--- Data extracts Enclosed Below ---

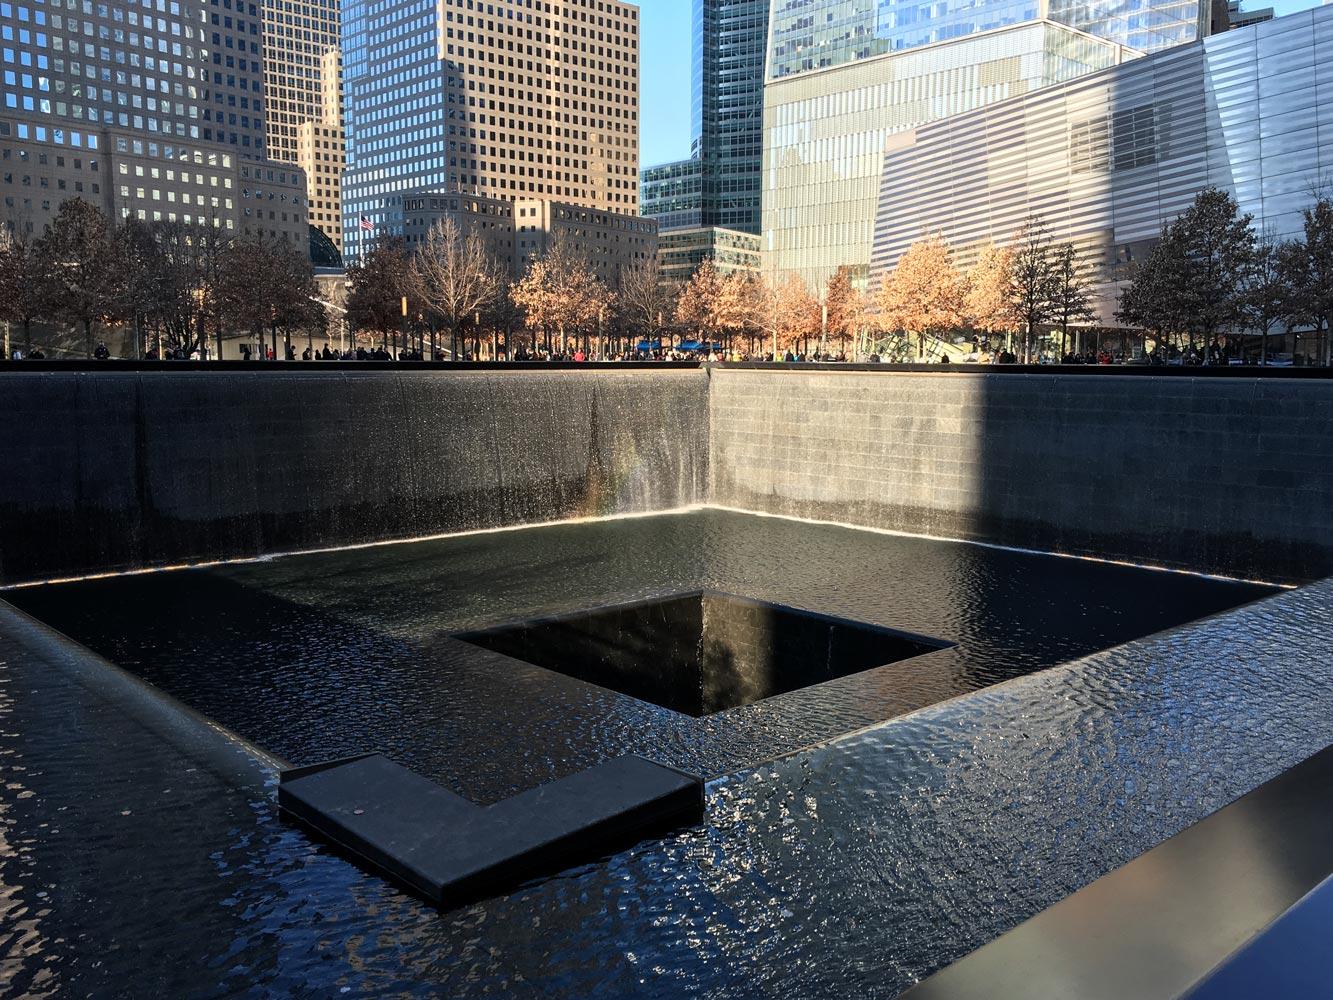 Memoriál 9/11
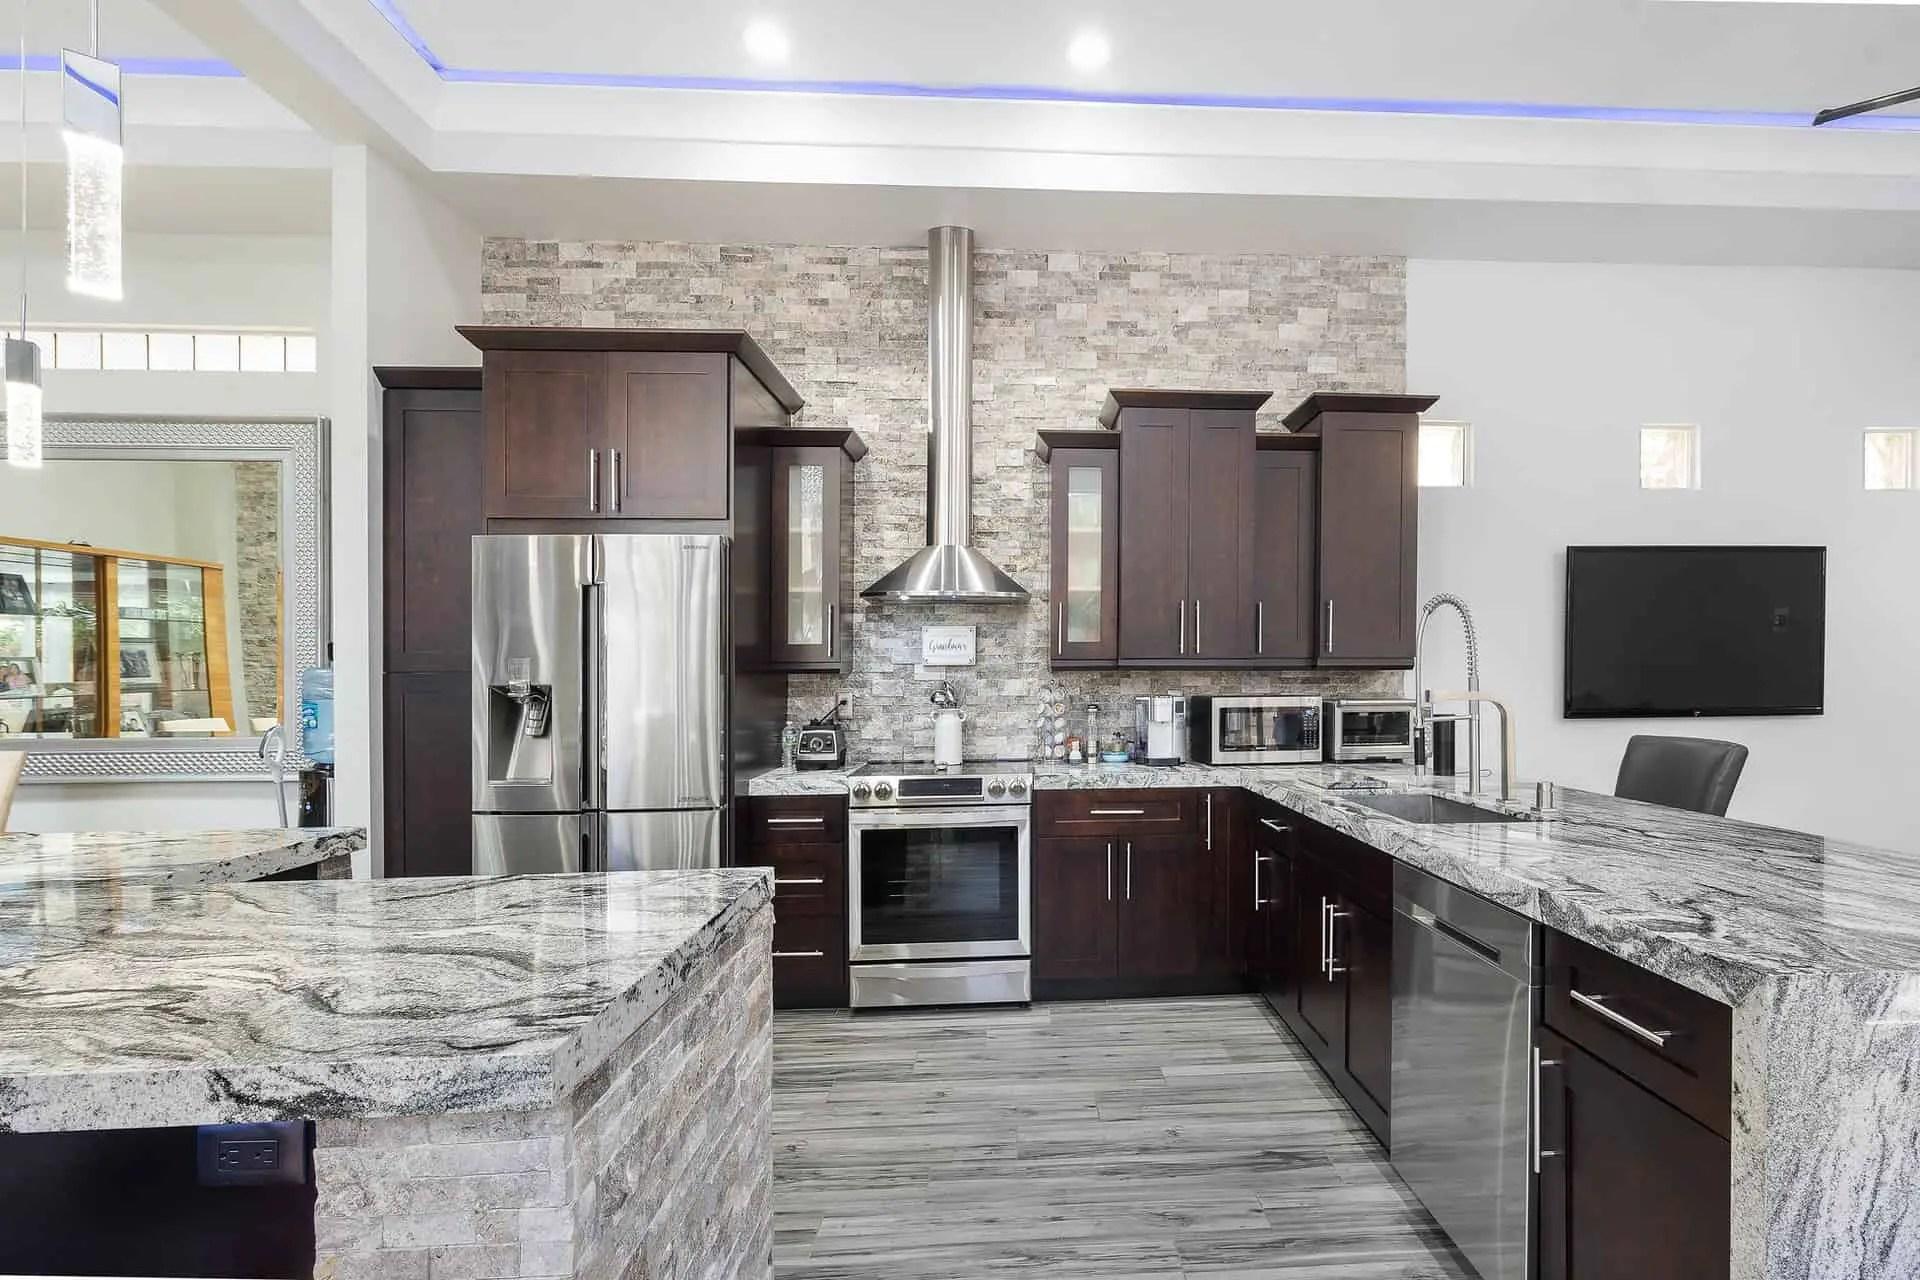 83 Modern Kitchen Ideas - Contemporary Kitchen Design on Modern Kitchen Remodel  id=67170
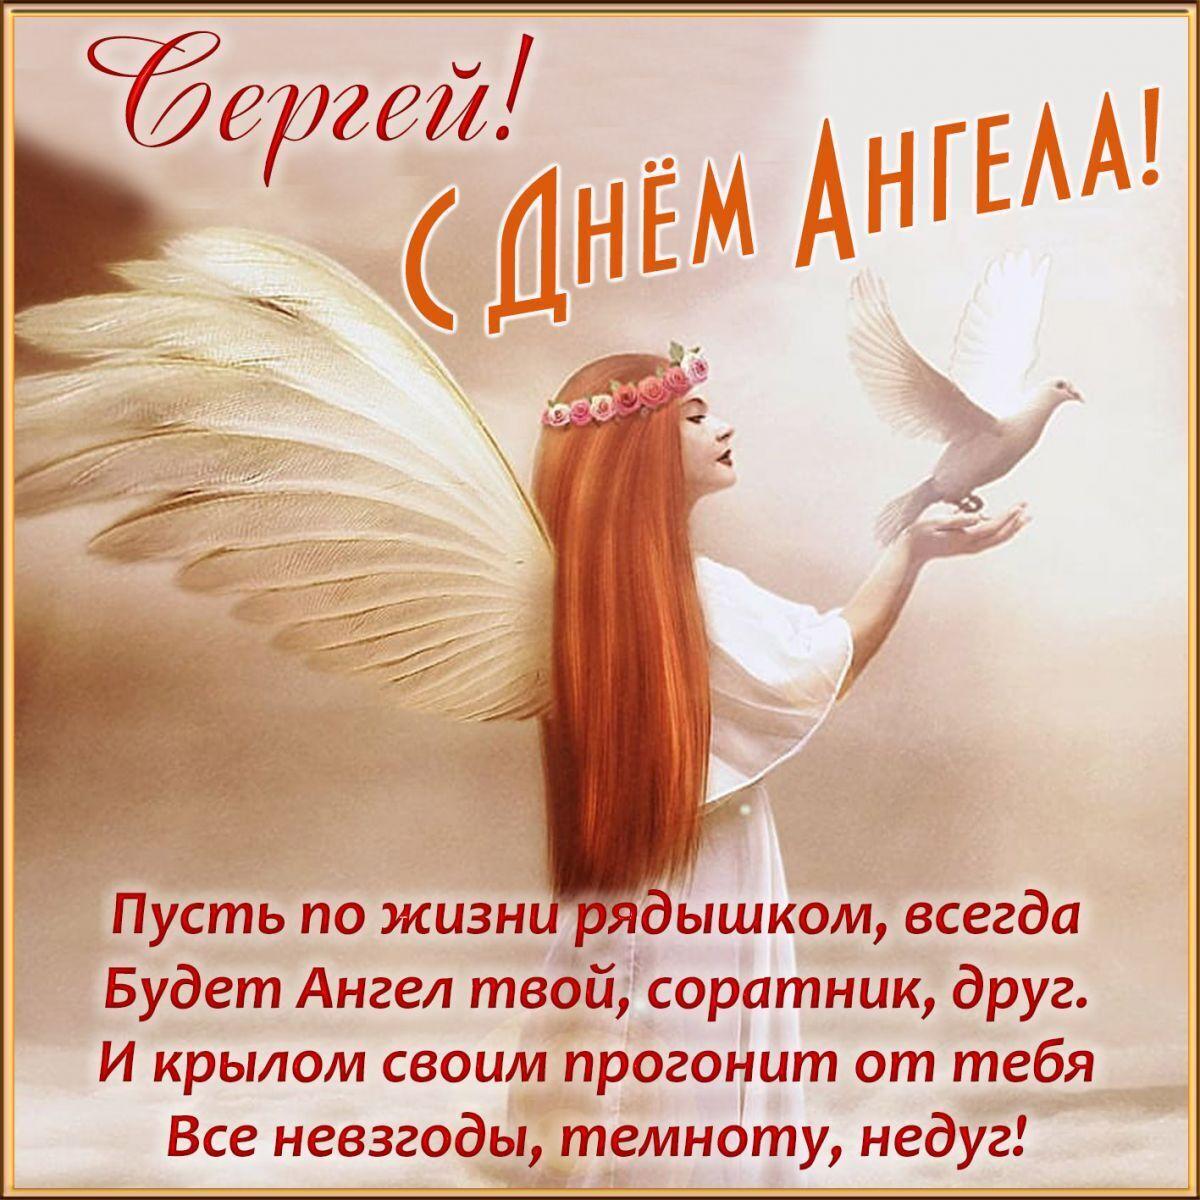 День ангела Сергея 2020 - поздравления, пожелания, стихи, видео, картинки
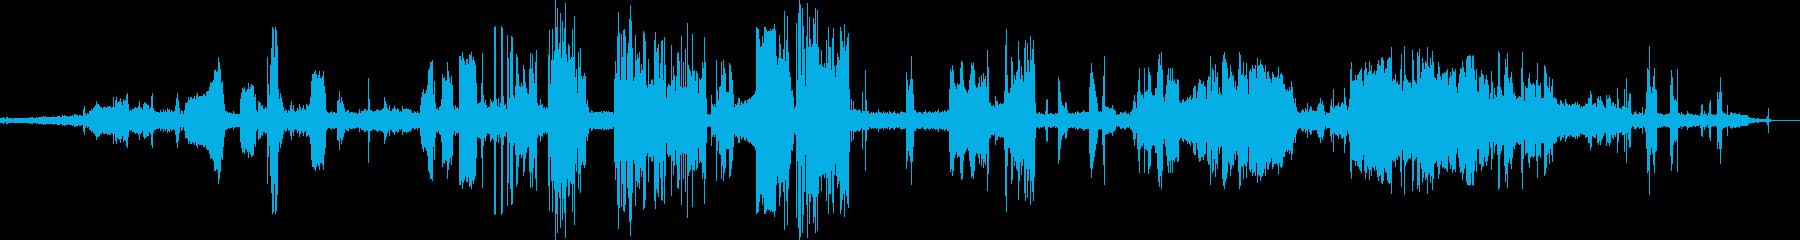 機械、電子;ラジオハッシュは、古い...の再生済みの波形
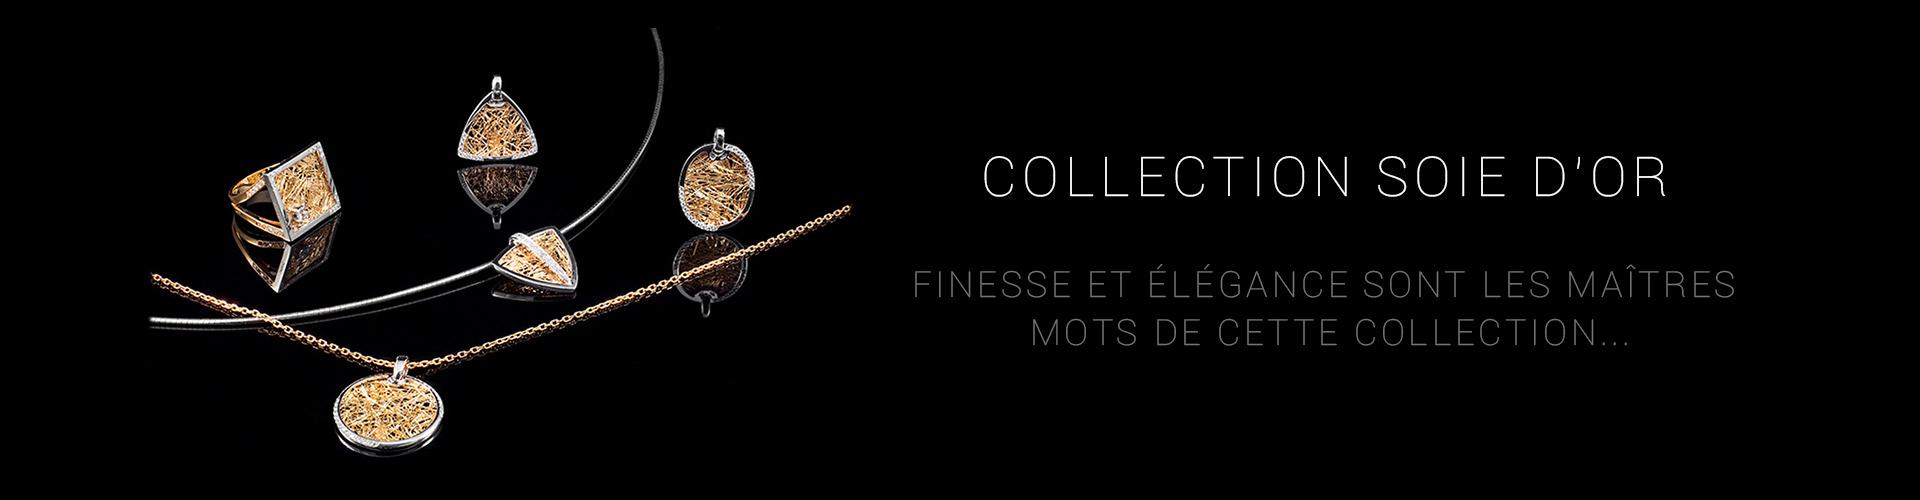 Collection Soie d'or Bijoux haut de gamme Lyon
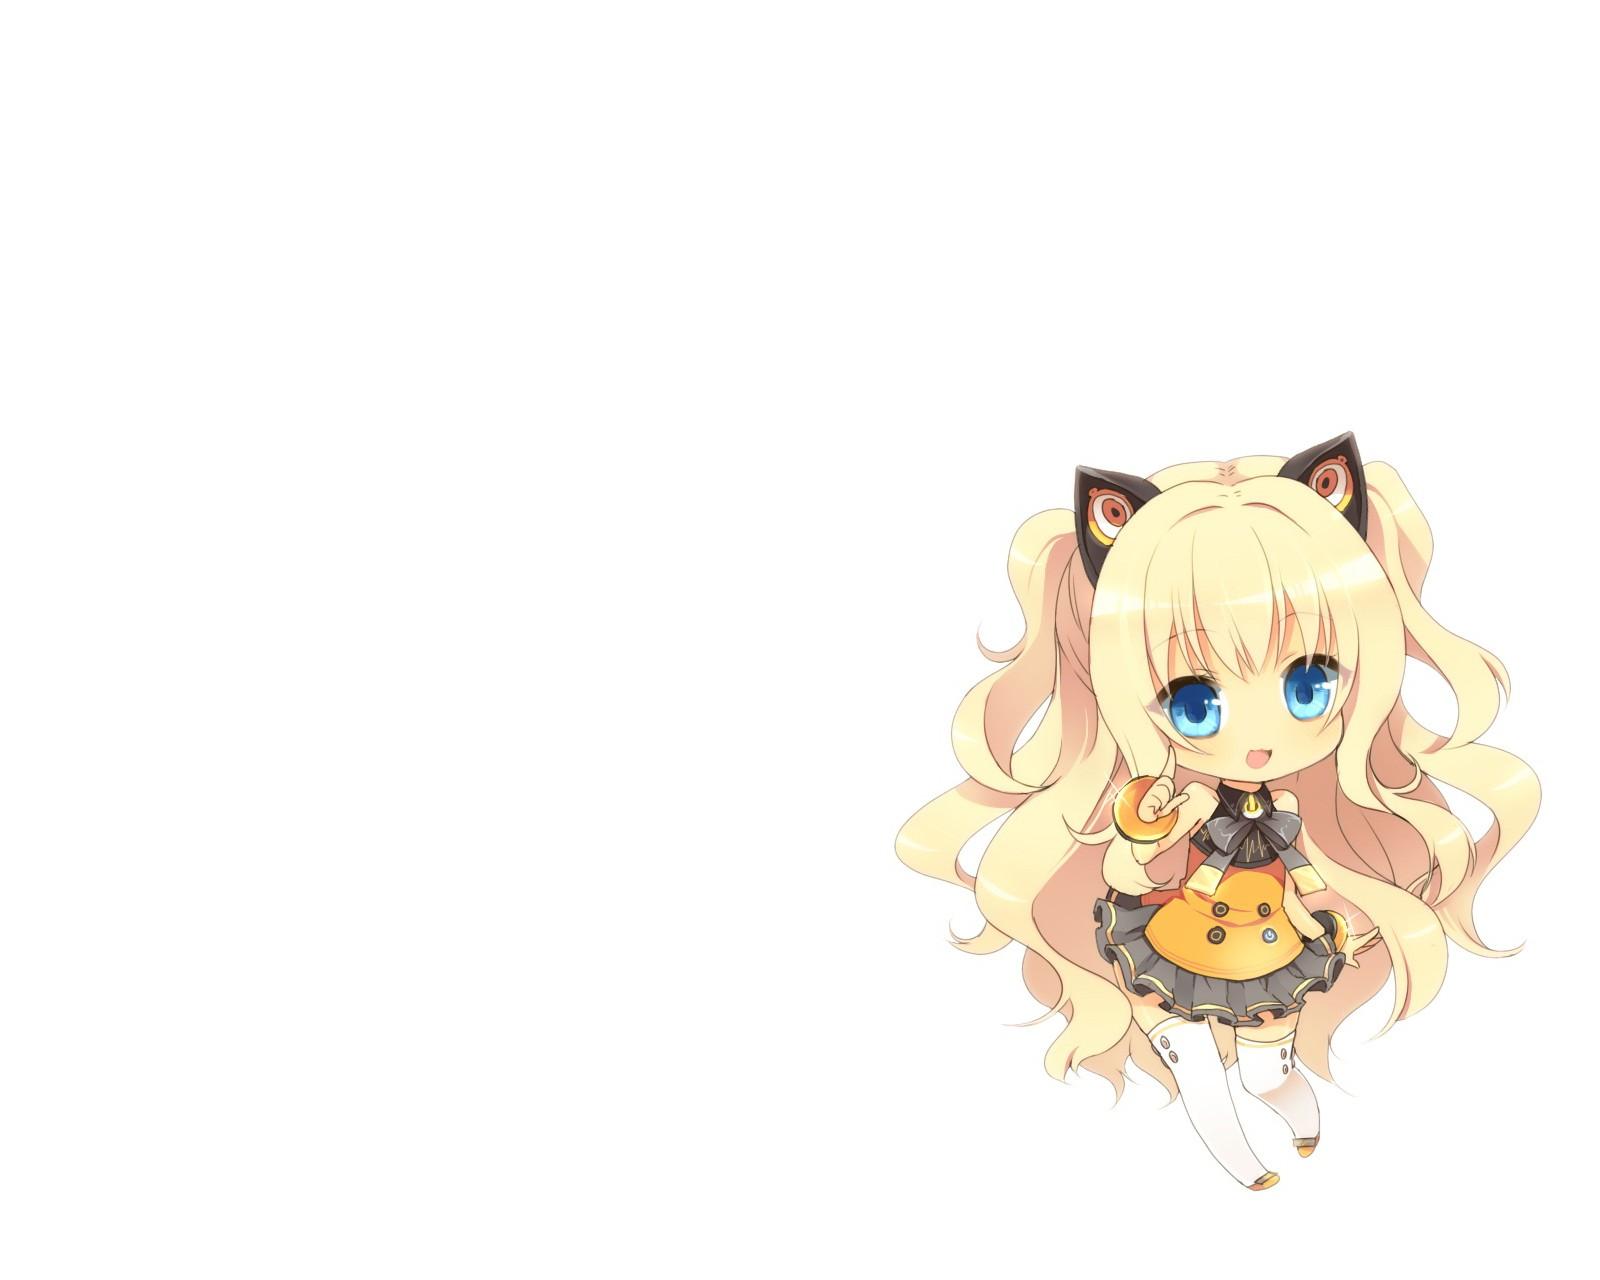 Chibi Vocaloid Desktop Wallpaper HD

--- End of Enclosed Data extracts ---

The task: Transcribe the records verbatim, excluding pictures.

Response:
 Memoriál 9/11
 83 Modern Kitchen Ideas - Contemporary Kitchen Design on Modern Kitchen Remodel  id=67170
 День ангела Сергея 2020 - поздравления, пожелания, стихи, видео, картинки
 機械、電子;ラジオハッシュは、古い...の再生済みの波形
 Collection Soie d'or Bijoux haut de gamme Lyon
 Chibi Vocaloid Desktop Wallpaper HD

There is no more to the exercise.